On the other hand, since the coating composition prepared in Comparative Example 1 does not use the isocyanate group-containing thiourethane-modified alkoxysilane as one component of the curing agent, the obtained coating film has poor adhesion to the metal substrate. I understand that.
In addition, the coating film obtained from the coating composition prepared in Comparative Example 3 using a partially hydrolyzed condensate of mercapto group-containing alkoxysilane instead of the isocyanate group-containing thiourethane-modified alkoxysilane also has adhesion to the metal substrate. It turns out that it is inferior.
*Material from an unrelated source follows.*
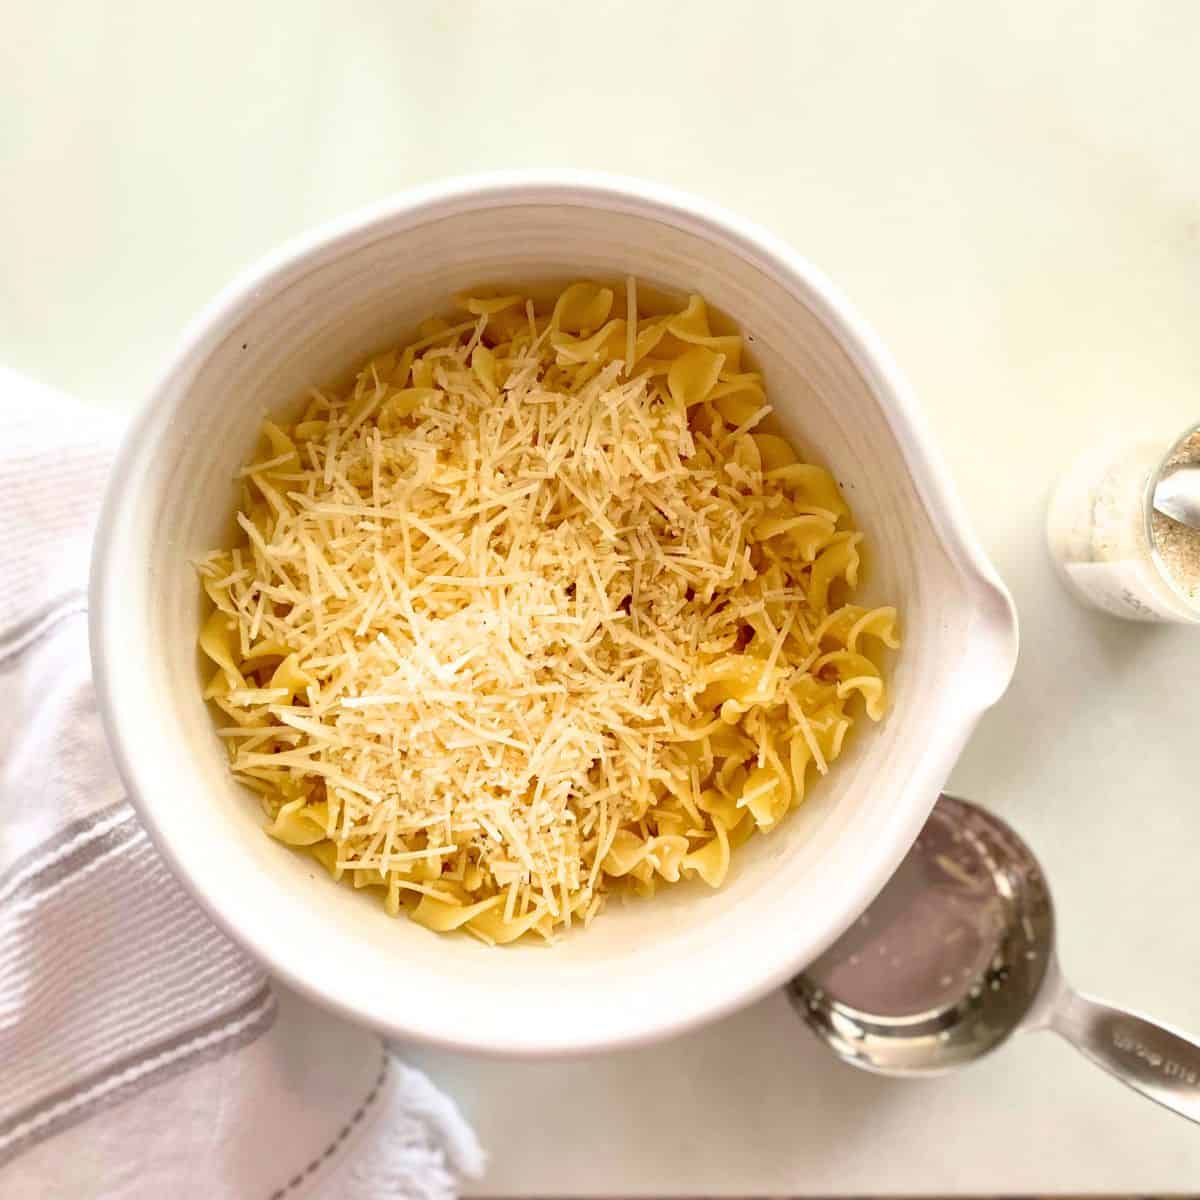 Parmesan atop garlic buttered noodles

Furthermore, the coating film obtained from the coating composition prepared in Comparative Examples 2 and 4 in which the content of the isocyanate group-containing thiourethane-modified alkoxysilane is outside the range of 0.8 to 4.0 parts by mass with respect to the acrylic resin It can also be seen that the adhesion to the metal substrate is insufficient.
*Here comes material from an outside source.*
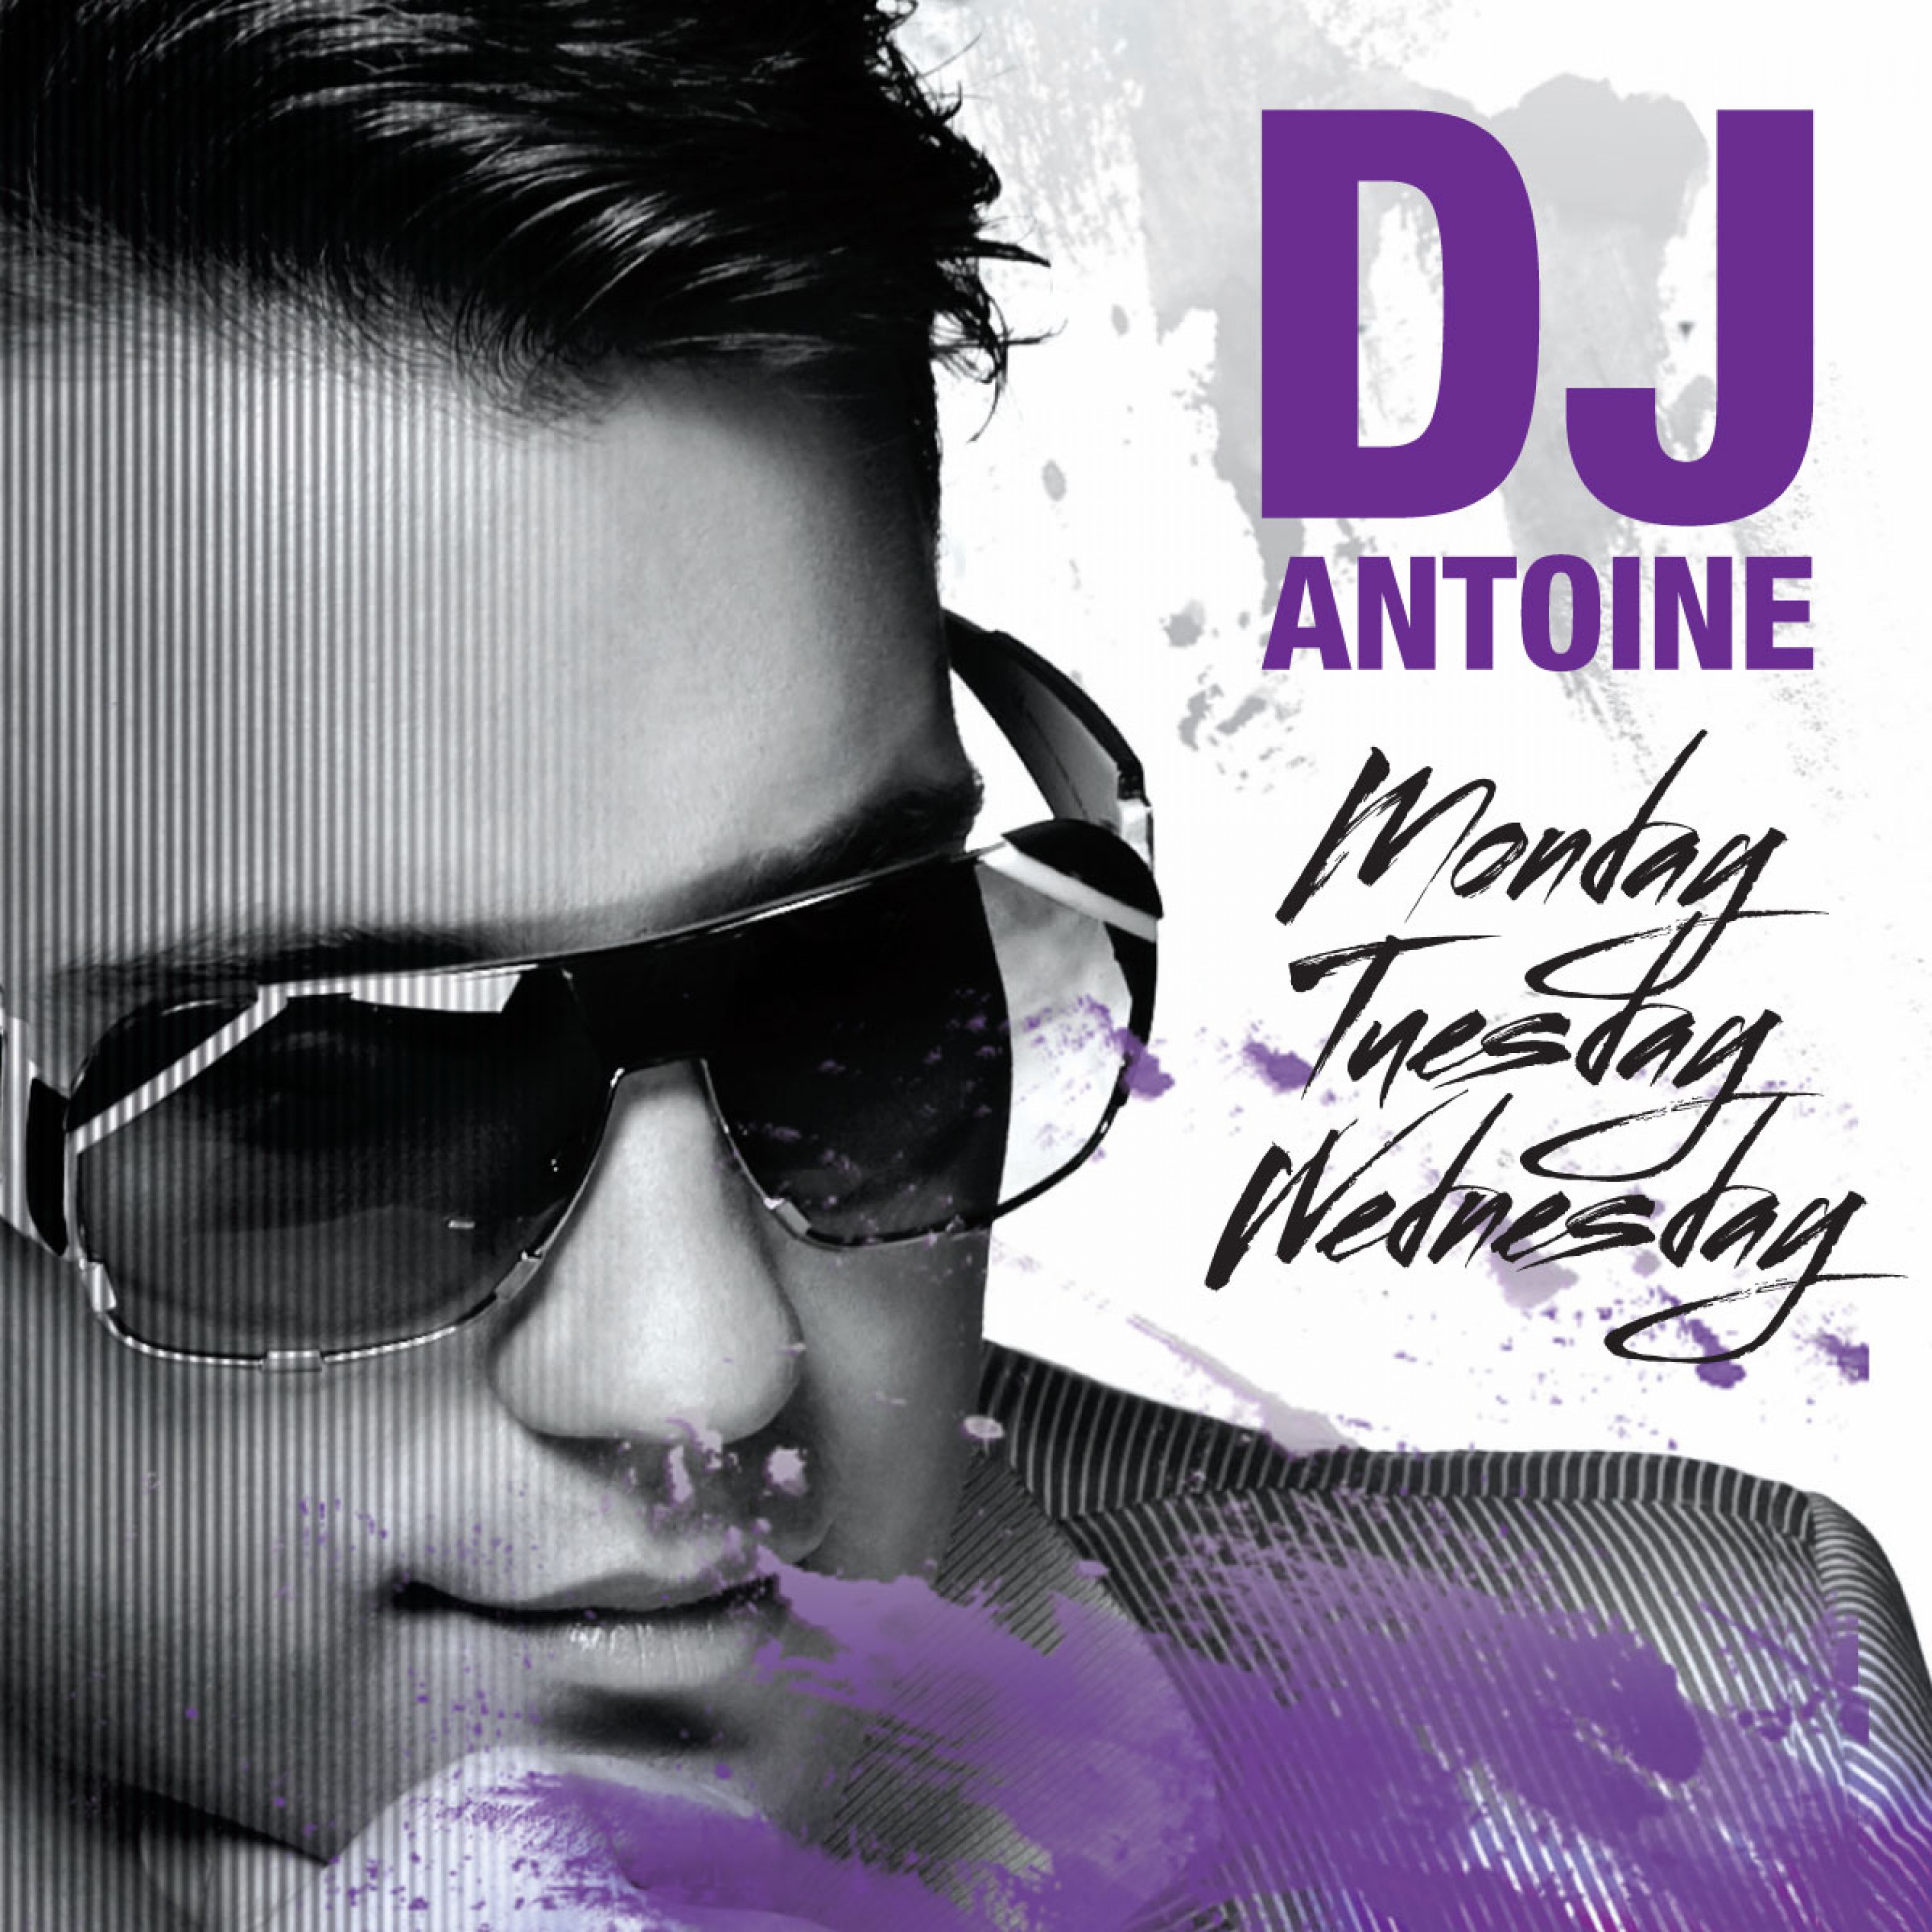 Monday, Tuesday, Wednesday (DJ Antoine vs Mad Mark Dub Mix)

In addition, since the coating composition prepared in Example 6 does not contain a partially hydrolyzed condensate of alkoxysilane, the resulting coating film has insufficient stain resistance, but as in Example 2. It can be seen that sufficient contamination resistance is exhibited by adding a partially hydrolyzed condensate of alkoxysilane.

Claims (9)

(A) an acrylic resin having a hydroxyl group and a carboxyl group, (B) a non-yellowing polyisocyanate compound, and (C) an isocyanate group-containing thiourethane-modified alkoxysilane,
The coating composition, wherein the (C) isocyanate group-containing thiourethane-modified alkoxysilane is contained in an amount of 0.8 to 4.0 parts by mass with respect to 100 parts by mass of the (A) acrylic resin.   The coating composition according to claim 1, wherein (C) the isocyanate group-containing thiourethane-modified alkoxysilane is obtained by reacting a mercapto group-containing alkoxysilane compound with a polyisocyanate compound.   The (C) isocyanate group-containing thiourethane-modified alkoxysilane is obtained by reacting a polyisocyanate compound with a partial hydrolysis condensate of a mercapto group-containing alkoxysilane compound and another alkoxysilane compound. The coating composition according to 1.   The coating composition according to claim 2 or 3, wherein the mercapto group-containing alkoxysilane compound is at least one selected from 3-mercaptopropyltrimethoxysilane, 3-mercaptopropylmethyldimethoxysilane, and 3-mercaptopropyltriethoxysilane. object.   4. The coating composition according to claim 3, wherein the other alkoxysilane compound is a tetraalkyl silicate.   The coating composition according to any one of claims 3 to 5, wherein the polyisocyanate compound has three or more isocyanate groups.   (D) The coating composition of any one of Claims 1-6 containing the partial hydrolysis-condensation product of an alkoxysilane compound.   (E) The coating composition of any one of Claims 1-7 containing an organic solvent.   The coating composition according to any one of claims 1 to 8, which is for plastics or precoated metal.